Update Date: Mar 08, 2017 08:09 PM EST

A recent study on the link between autism and DNA found 18 additional genes that may be responsible for an increase in the risk of the disorder. The MSSNG Project report is published this week in the journal Nature Neuroscience. The breakthrough was the result of analyzing the DNA of 5,205 families who have members with autism

The on-going project that aims to advance autism research has been successful in discovering 61 gene mutations associated with the condition and accompanying medical disorders. The researchers found that certain genes are associated with cardiac defects, seizures, and adult diabetes.

Eighty percent of these variations affect biochemical pathways. The findings will be useful in guiding families and medical practitioners on more effective and personalized medical care, Autism Speaks reports.

The team led by Stephen Scherer, Ph. D. as research director explained that the investigation would pave the way for a deeper understanding of autism and its various levels. Neurodiversity plays a huge role in the disorder, and it is an aspect the research is looking into.

It seeks to explain the phenomenon observed in some families in which two members fall on different scales in the spectrum. They have also identified people who had the risk but did not manifest the disorder.

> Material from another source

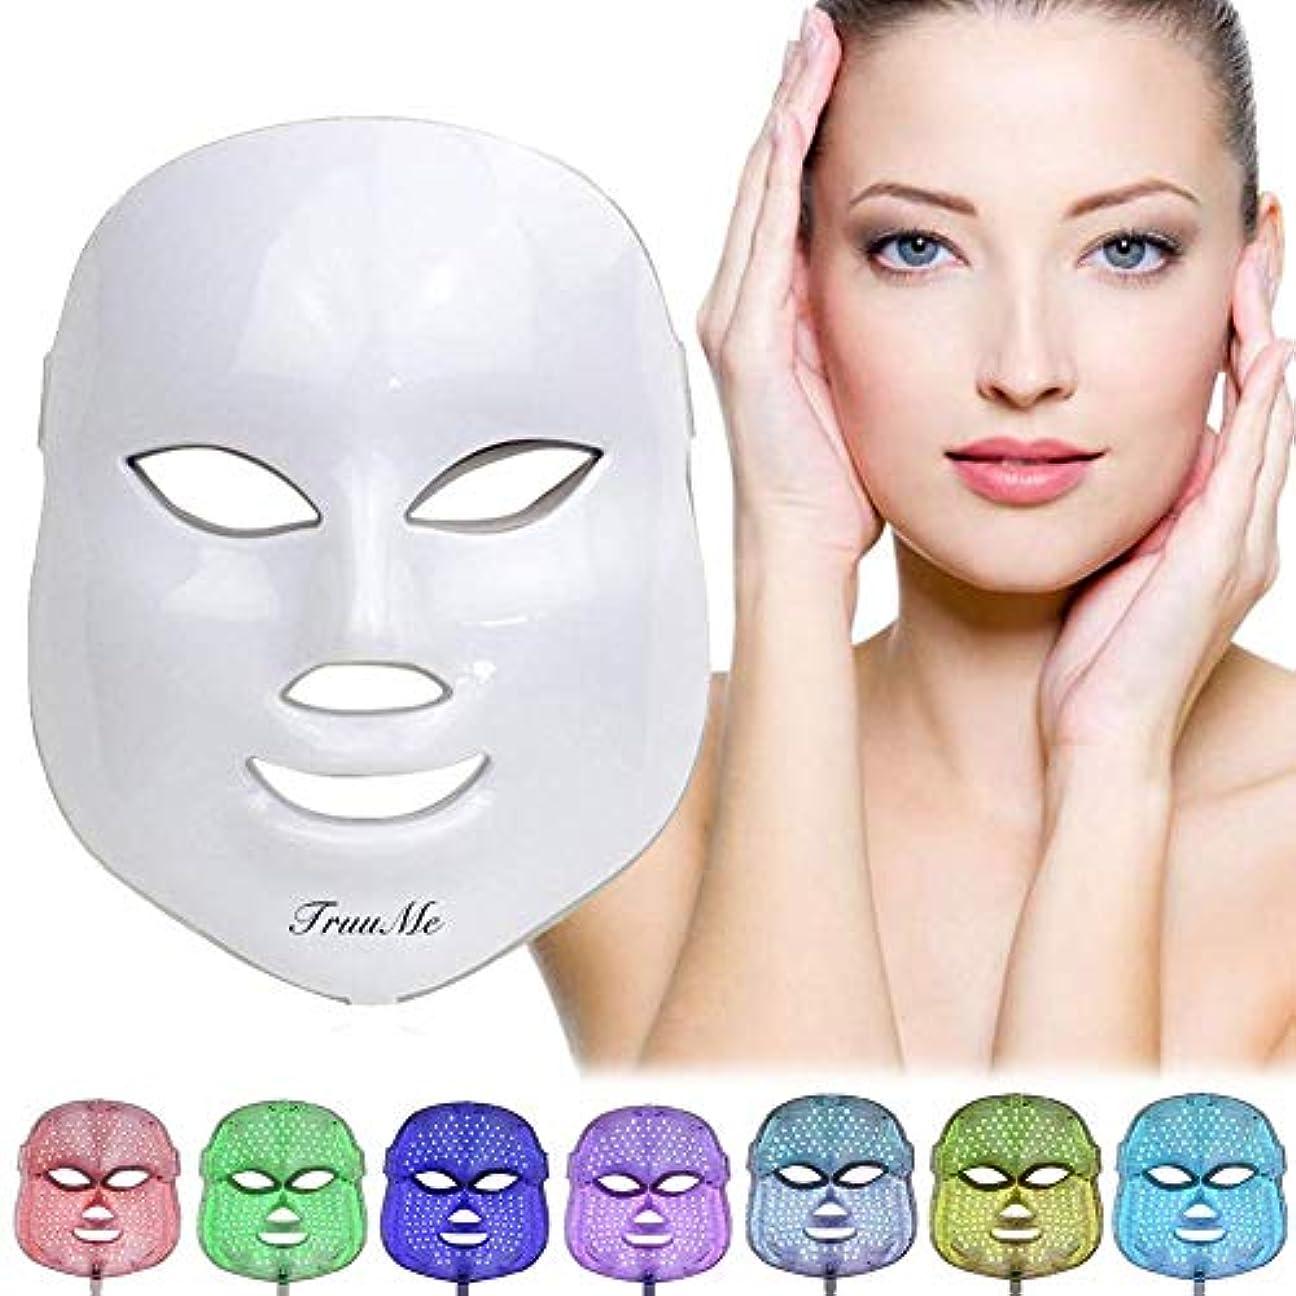 下る難しいシリングLEDフェイスマスク、ライトセラピーニキビマスク、LEDフェイシャルマスク、光線療法マスク、LEDエレクトリックフェイシャルマスク、7色光治療、ニキビ治療用マスク、斑点、にきび、皮膚のシミ

The research was fueled by disturbing figures. The Centers for Disease Control and Prevention in the US found in two surveys that the number of children affected by the disorder is increasing, according to NBC News.

Unlike analyses in the past which looked for genetic variations in only one percent of a person's DNA, MSSNG (pronounced "missing") was unprecedented. The biggest and most ambitious whole genome research enables investigators to analyze a person's entire genome-- 3 billion DNA base pairs from the database stored on Google cloud. Researchers will be given access free of charge to over 7,000 fully sequenced genomes in the coming weeks.